Result Processing & Hydration

After the consensus phase produces a clean JSON object, the ResultProcessor is responsible for converting it back into Python objects and persisting them.

Hydration Strategies

The processor employs two strategies depending on the extraction mode:

  1. Direct Hydration (Structured Output) When using use_structured_output=True (default), the JSON structure exactly mirrors the Pydantic models derived from your SQLModels. * Mechanism: Recursive Pydantic instantiation (Model(**data)). * Pros: Fast, type-safe, handles nested objects automatically. * Cons: Requires the LLM to strictly follow the schema.

  2. Graph Reconstruction (Flat/Legacy) When working with flat JSON output (used in some legacy modes or specific prompt configurations), the processor must reconstruct the graph. * Mechanism: It identifies objects by their keys and reconstructs relationships manually.

Foreign Key Recovery

In Hierarchical Extraction, child objects (like Employees) are extracted in separate steps from their parents (Departments).

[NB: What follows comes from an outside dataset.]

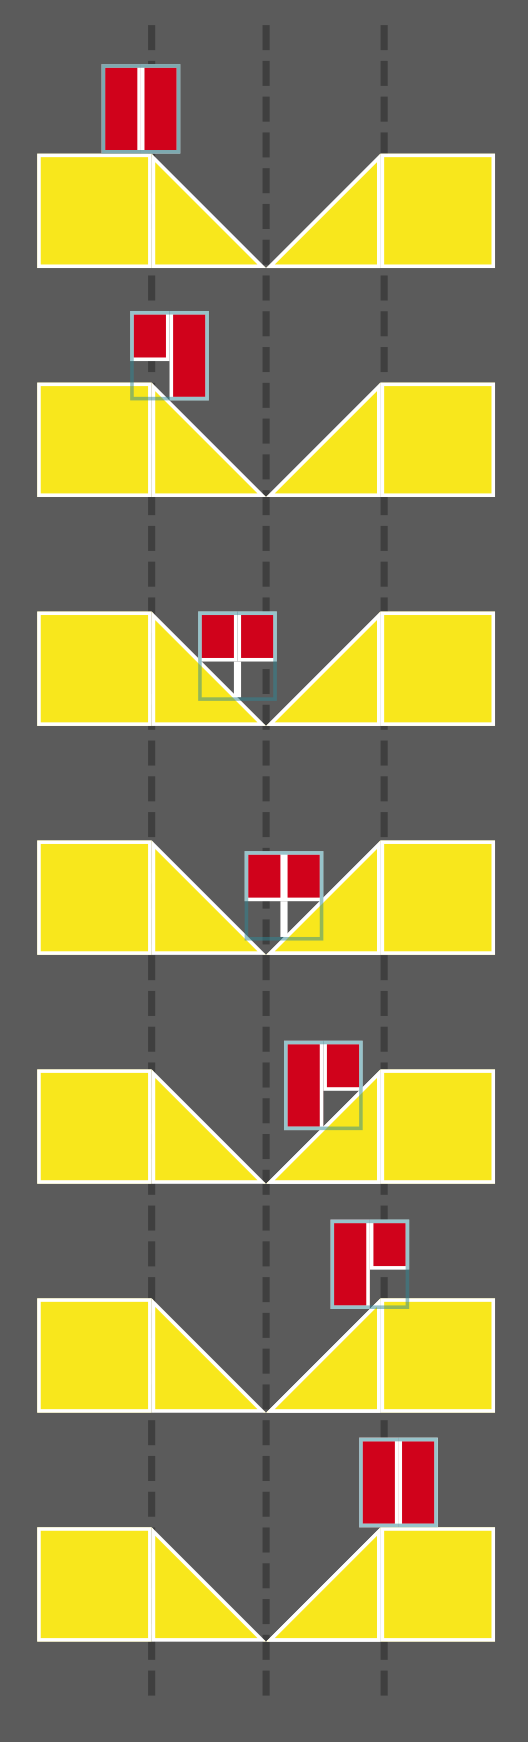 Adjusting Bounding Box Slope Collision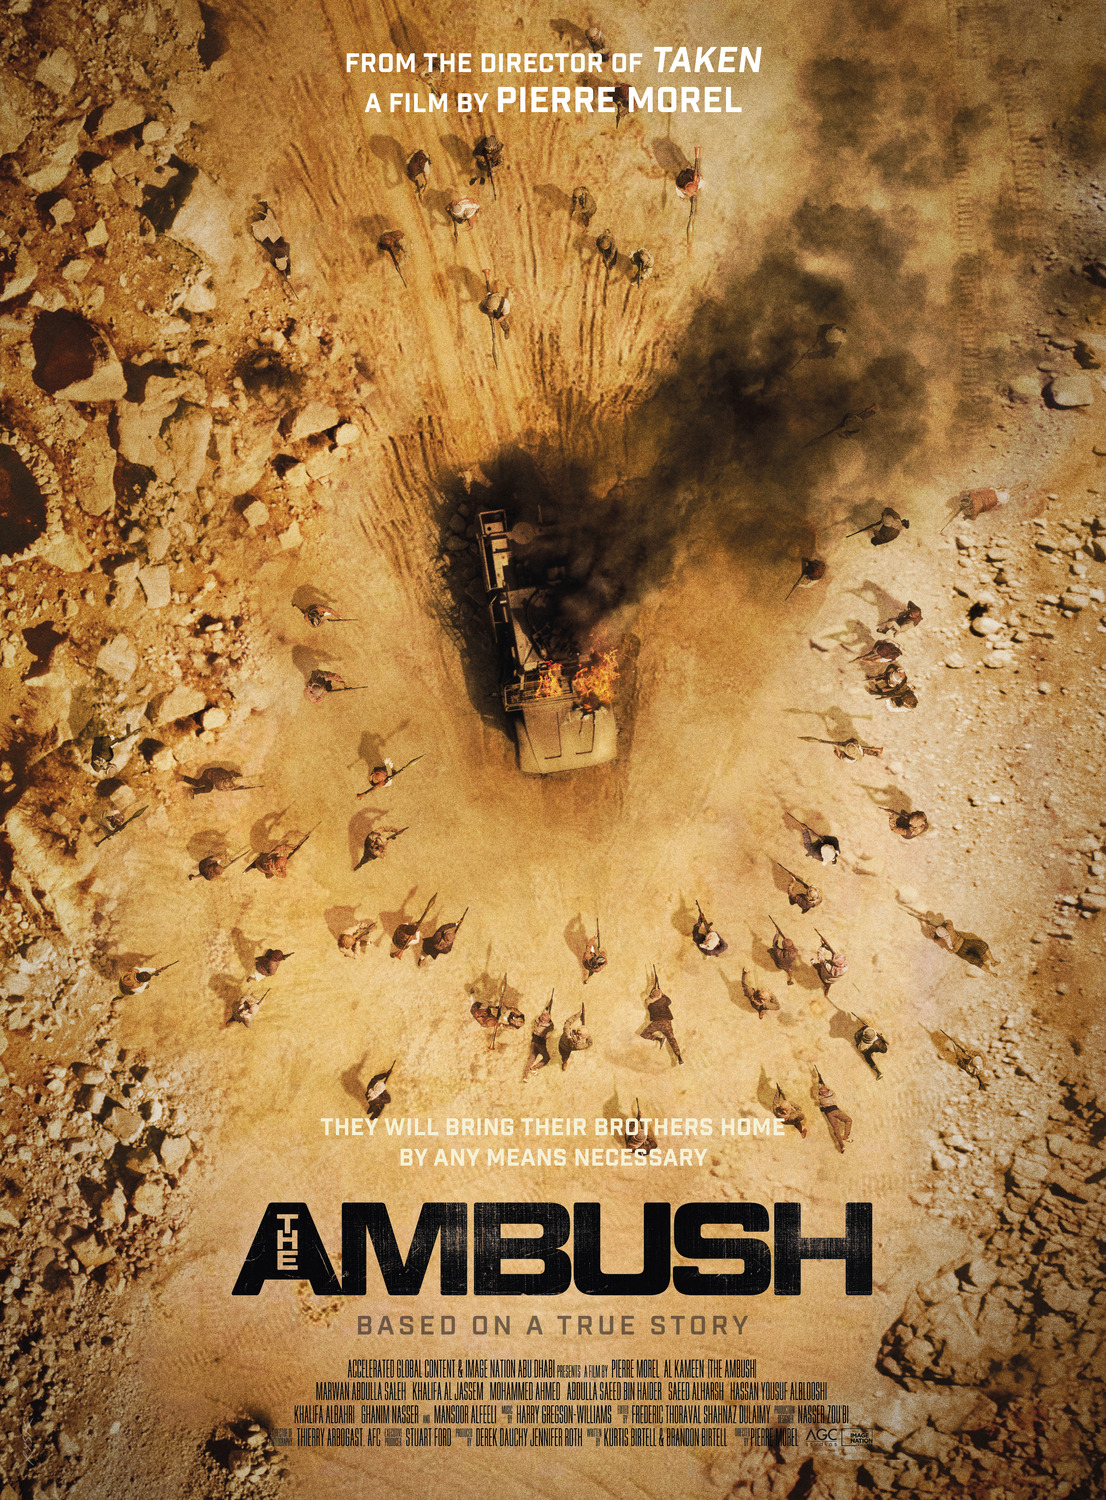 Extra Large Movie Poster Image for The Ambush

  • The Problem: The child objects generated by the LLM don’t know the real database IDs of their parents (since the parents might have just been inserted).

  • The Solution: 1. The BatchPipeline tracks the “Parent Context” for every child batch. 2. When hydrating the child, the ResultProcessor injects the correct parent_id based on this context. 3. This ensures that even though they were extracted separately, the database relationships are correctly preserved.